Wagner forms his team with players from throughout Carroll County. This year's edition even has three from Hereford.

Wagner says he must recruit from afar because there sometimes aren't enough girls in the club's Westminster/Sandymount/Gamber draw areas to form a full team. Consequently, when the girls get old enough for high school, they head back out to the four winds.

"A couple of years ago, we sent girls to 11 different high schools," Wagner recalled.

He and the team's other coaches, Mike McGinnis and Julia Kravitz, evidently chose the right players for their current 2007 under-10 team. These kids have compiled quite an impressive record since beginning play in 2015.
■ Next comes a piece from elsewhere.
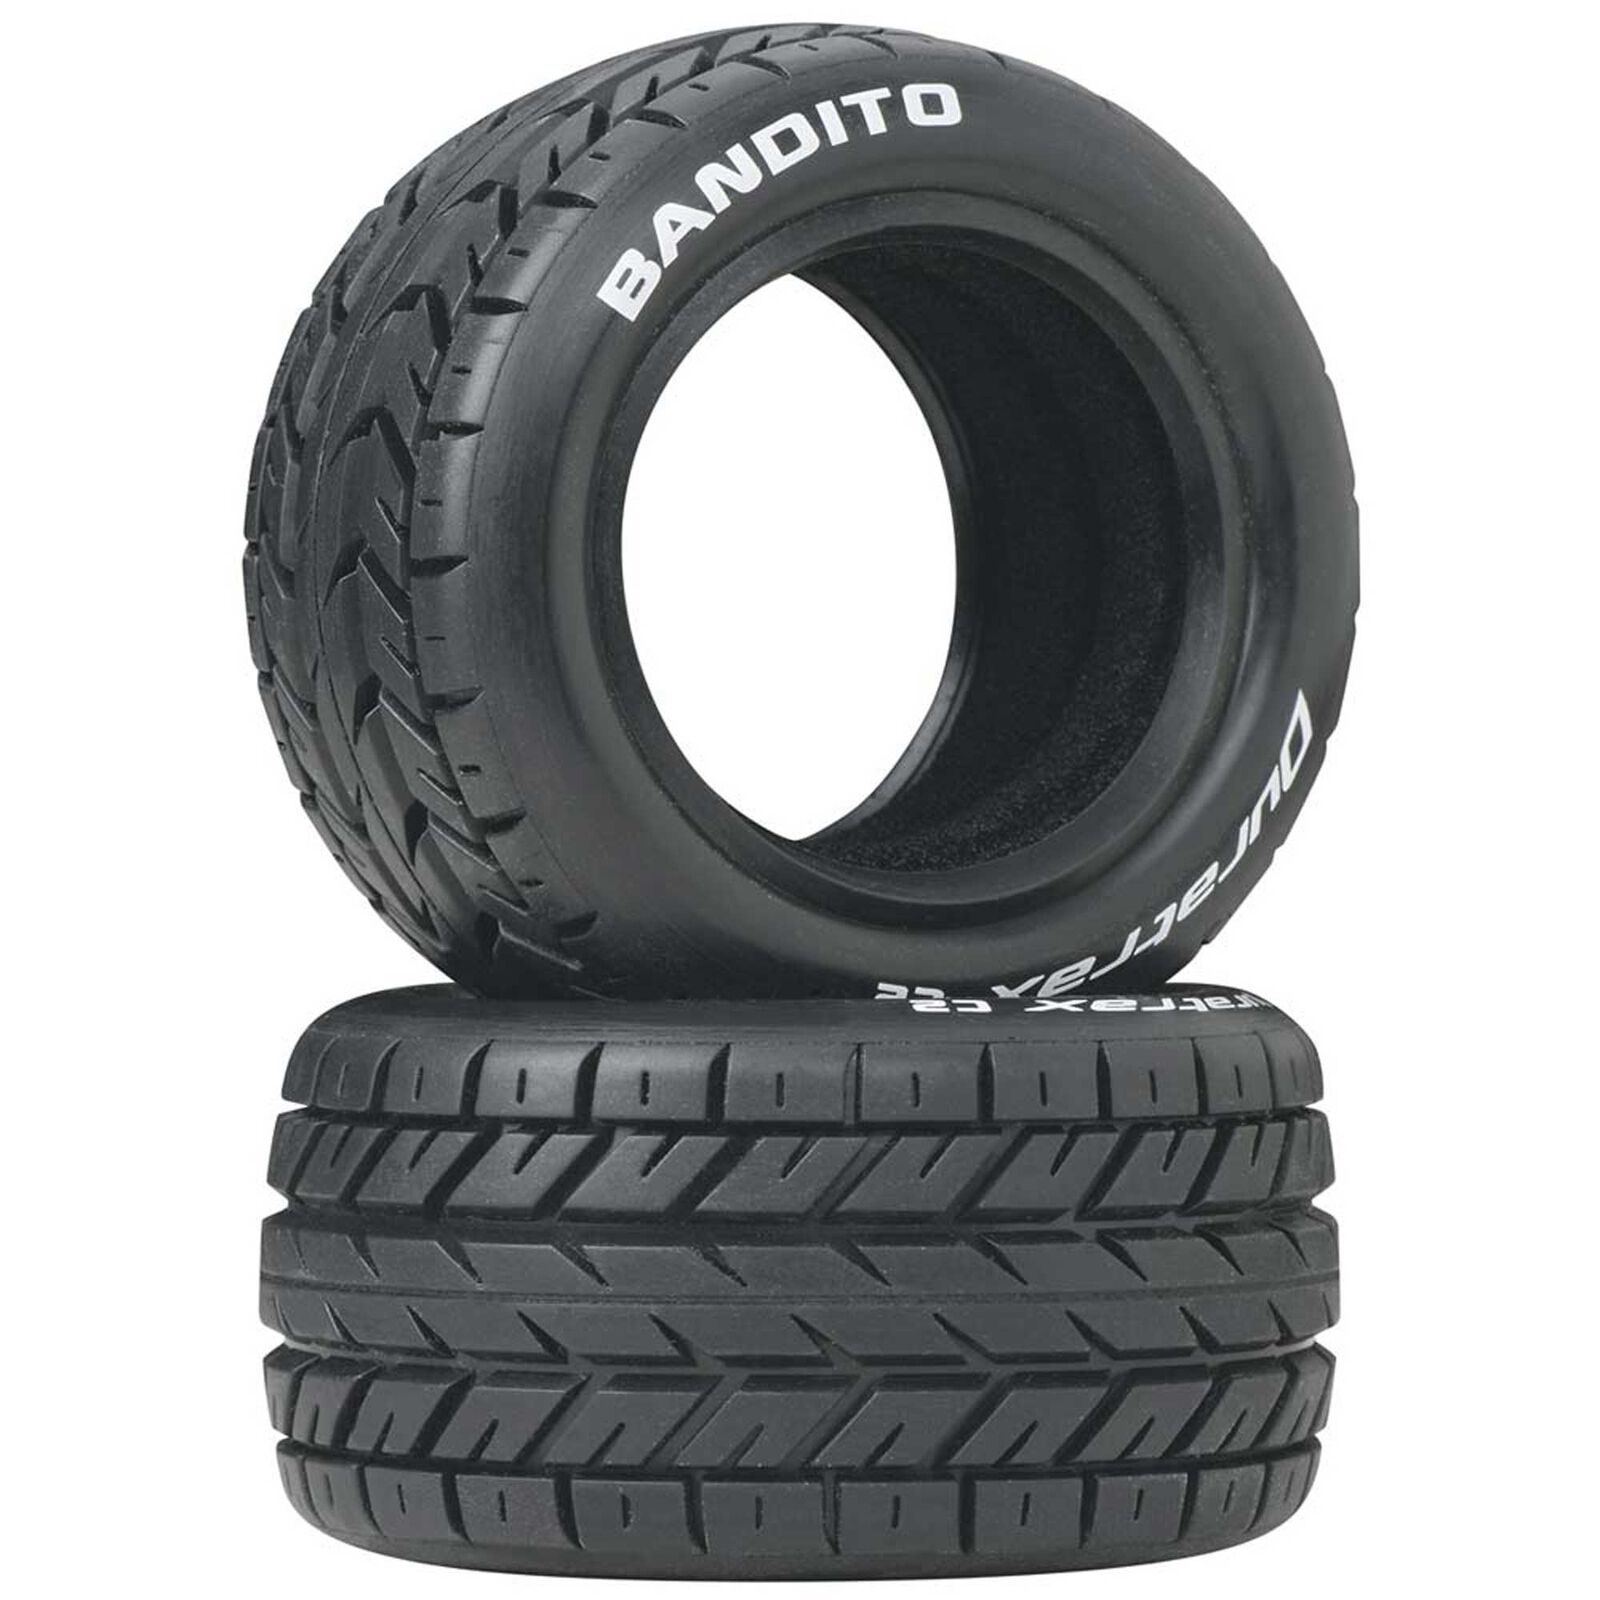 Bandito 1/10 Buggy Tires Rear 4WD C2 (2)

They have won championships in two leagues and been finalists in four others since they started play. They have been runners-up in two tournaments and won two.

The first title was in last fall's Dillsburg (Pa.) Fall Shoot-out where they went 8-0 in their under-10 division. Wildfire gave up one goal the whole time, and that came on a penalty kick.

The second win came on May 20-21 when Wildfire won the York Cup under-10 title. This was also a sweep-four games. And Wildfire never surrendered a single goal.

Wagner says that, in addition to being physically talented, these girls are soccer smart well beyond their years.

"When they play, they not only look ahead on the field to see what they have to do. They also see what the others on their team have to do," Wagner explained.

Part of this instinct comes through continual training.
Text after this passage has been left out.